Спиндл чувствовал себя неуютно. Он тщетно пытался выбрать приличное место для ночлега. Даже жизнерадостный Хей как-то сник. Однако Триффан, несмотря на усталость, с удовольствием продолжал беседовать с ним. Он рассказывал Хею, каким прежде был Данктон.

В тоннелях, где они решили устроиться на ночлег, жило много кротов, и весть о чужаках распространилась быстро. Скоро стало известно, что один из них — сам Триффан, а другой — Спиндл, о нем здесь тоже слышали.

Ночью кроты стали собираться послушать Триффана. Сначала они подходили робко и неуверенно, потом освоились, и постепенно их набралось девять или десять.

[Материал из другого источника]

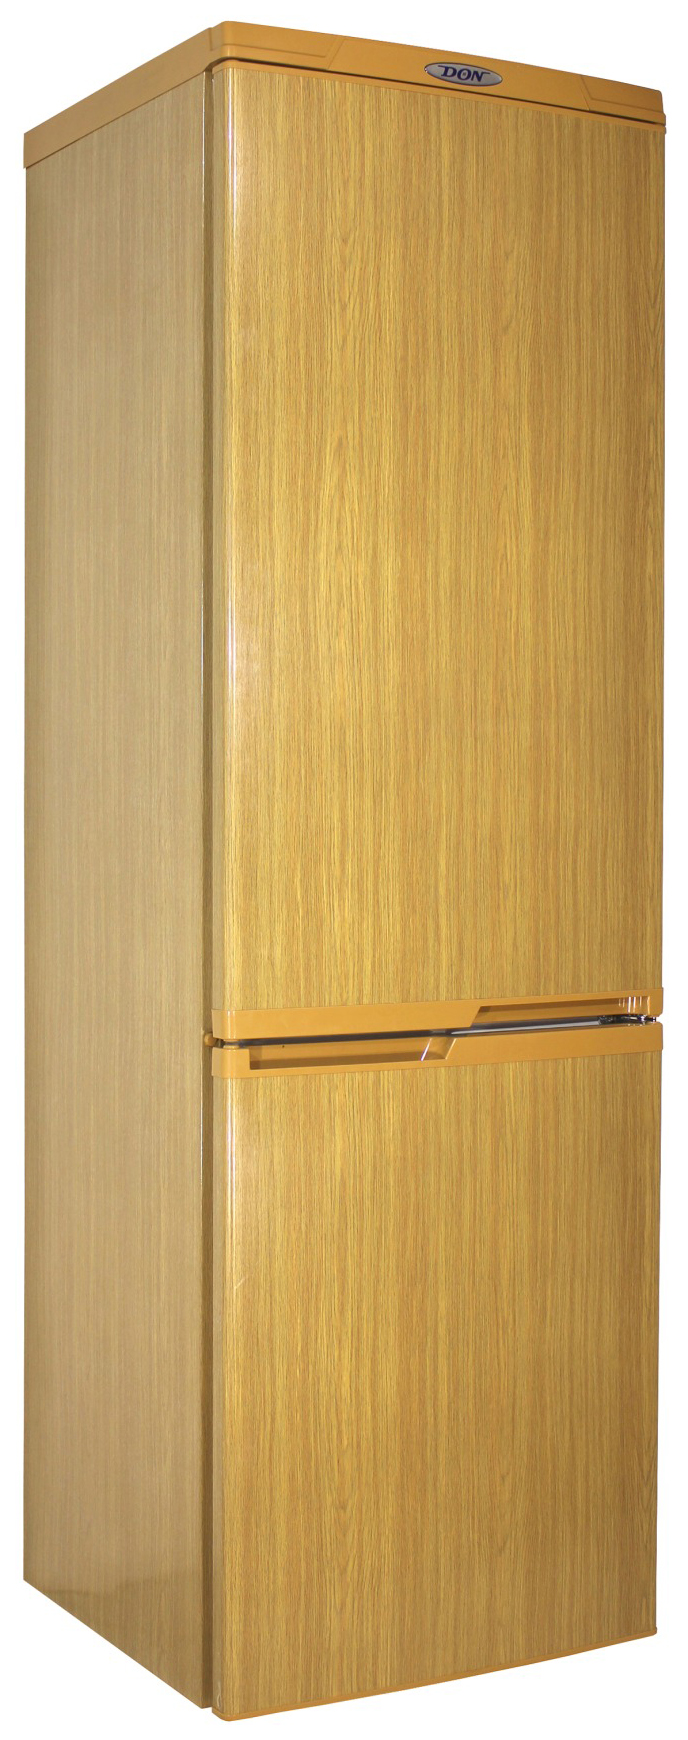 Холодильник DON R 291 DUB коричневый холодильник tesler rc 73 коричневый

Пришло несколько фанатиков, которых легко было узнать по елейным улыбкам и неудержимому желанию говорить. Но другие кроты зашикали на них: сейчас говорил незнакомец, и всем было интересно, что он скажет.

Словно в противовес повествованию Хея о последних годах в Данктоне, Три ан рассказал о времени, предшествовавшем его рождению, когда старейшиной в Болотном Краю был уважаемый и любимый всеми крот Меккинс. Он рассказал, как Меккинс помог Брекену и Ребекке и как однажды ночью он отправился к Камню, чтобы помолиться о Ребекке.

Слезы навернулись на глаза этих подавленных, изможденных и потерявших надежду кротов, когда Триффан поведал им о том, как молитва Меккинса была услышана, и он нашел детеныша, названного потом Комфри, и принес его Ребекке, и было это здесь, в Болотном Краю.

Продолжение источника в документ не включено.